Hunger, the sensation by which the necessity for food is made known to the system, referred to the stomach, but indicating the wants of the system at large; impelling us to supply the waste of the tissues consequent on all vital acts, and in proportion to the activity of the animal functions from exercise, etc. If the desire cannot be gratified, or if absent from disease, the phenomena of inanition or of starvation are induced, with a diminution of the bulk of nearly all the tissues and proportionate weakness. Hunger is greatest in the young and growing state, and least in old age, when the vital operations are deficient in activity. It varies with the amount of heat to be generated in the body; external cold increases hunger, while heat diminishes it; hence the voracious appetite of the arctic regions, and the general use of stimulating condiments in the tropics; it is also increased by any unusual drain upon the system, when accompanied by febrile action, as in lactation and diabetes, in the last of which especially hunger is almost insatiable.

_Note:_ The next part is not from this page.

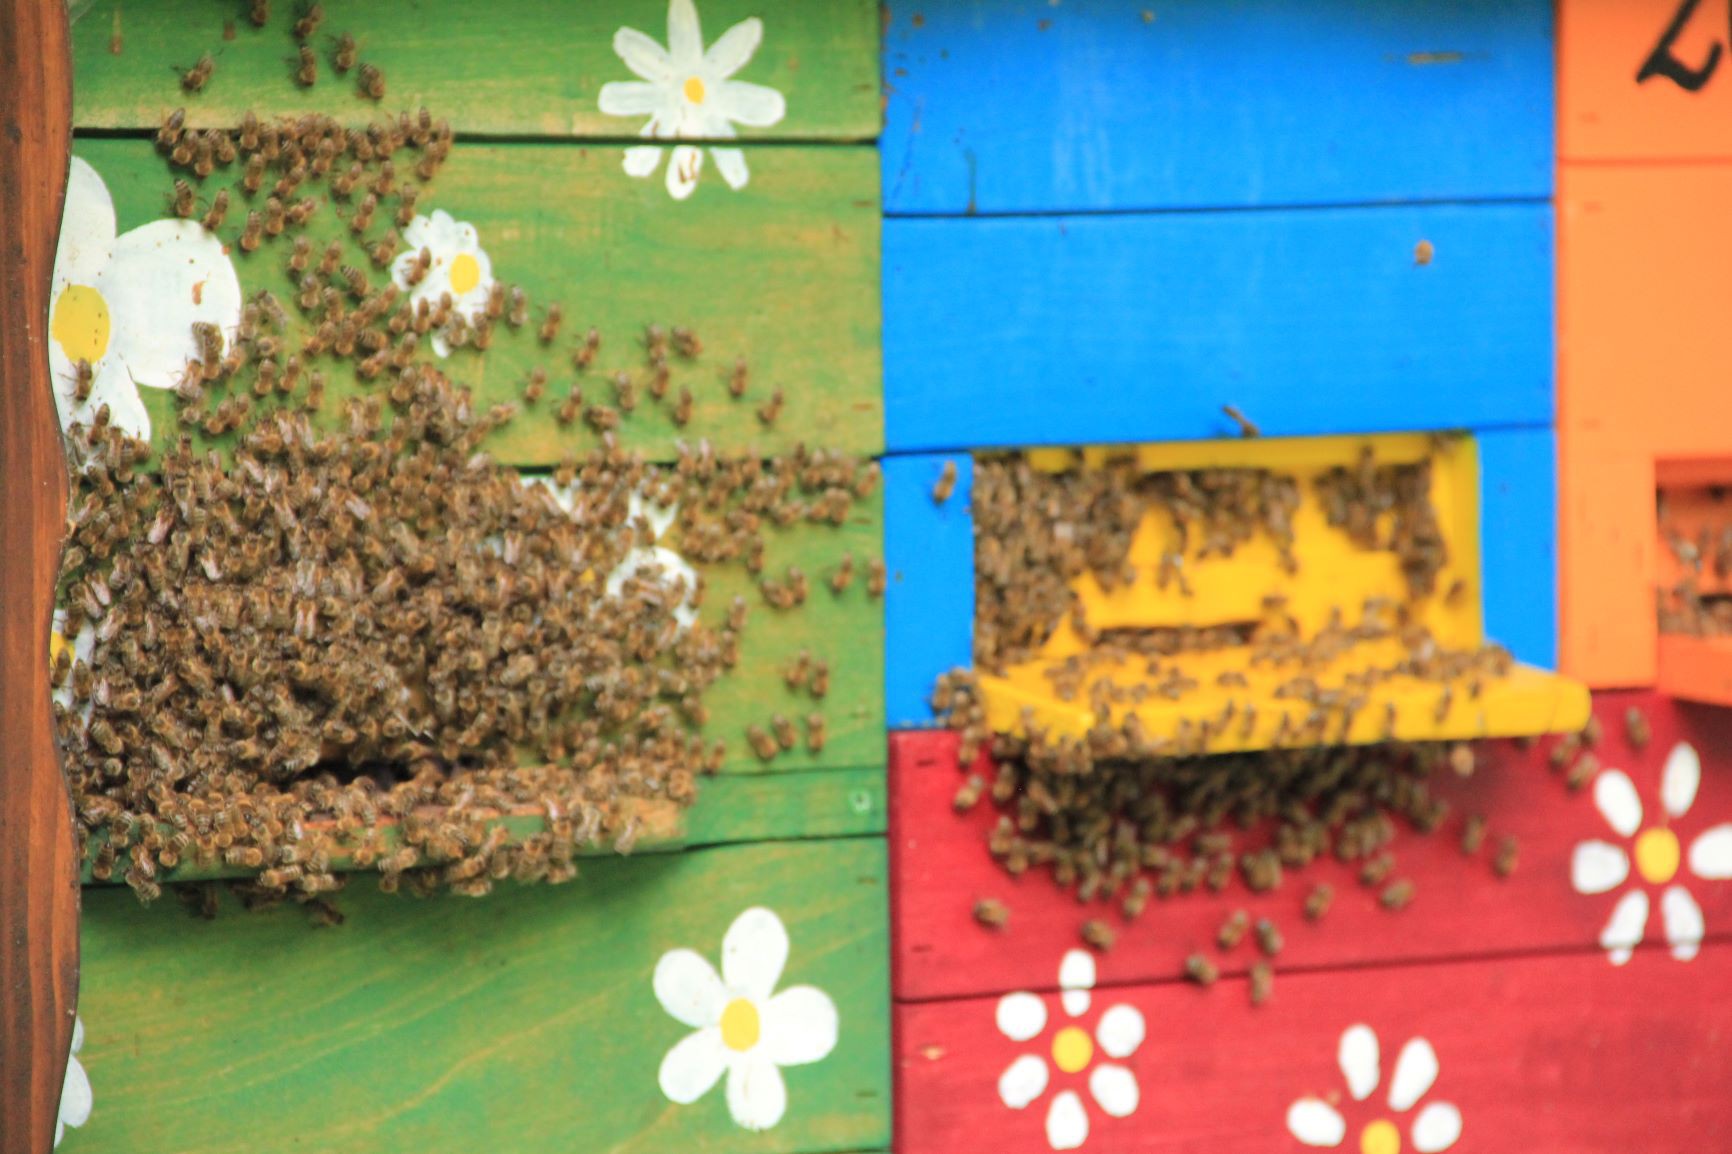 Domžalska čebelarska pot

In health, the feeling of hunger is a very good indication of the demands of the system for food, and it becomes the stimulant to mental operations, automatic in infancy, but directed by intelligence in the adult, which have for their object the gratification of the desire. Hunger depends rather upon the demand of the system for aliment than upon the state of emptiness of the stomach. The sense of hunger may be, however, immediately dependent on some condition of the stomach; it is well known that the swallowing of indigestible and non-nutritious substances will temporarily relieve it. The demands of the stomach and of the general system in this respect are probably communicated to the sensorium by the pneumogastric nerves and by the sympathetic. On the other hand, mere emptiness of the stomach does not produce hunger, as is evident from the fact that an ample supply of food passes entirely from the stomach hours before this sensation is felt, and that in disease there may be no desire for food for many days with total abstinence from it.

Moreover, hunger may be relieved by the injection of alimentary fluids into the large intestine, when the stomach cannot receive or retain food.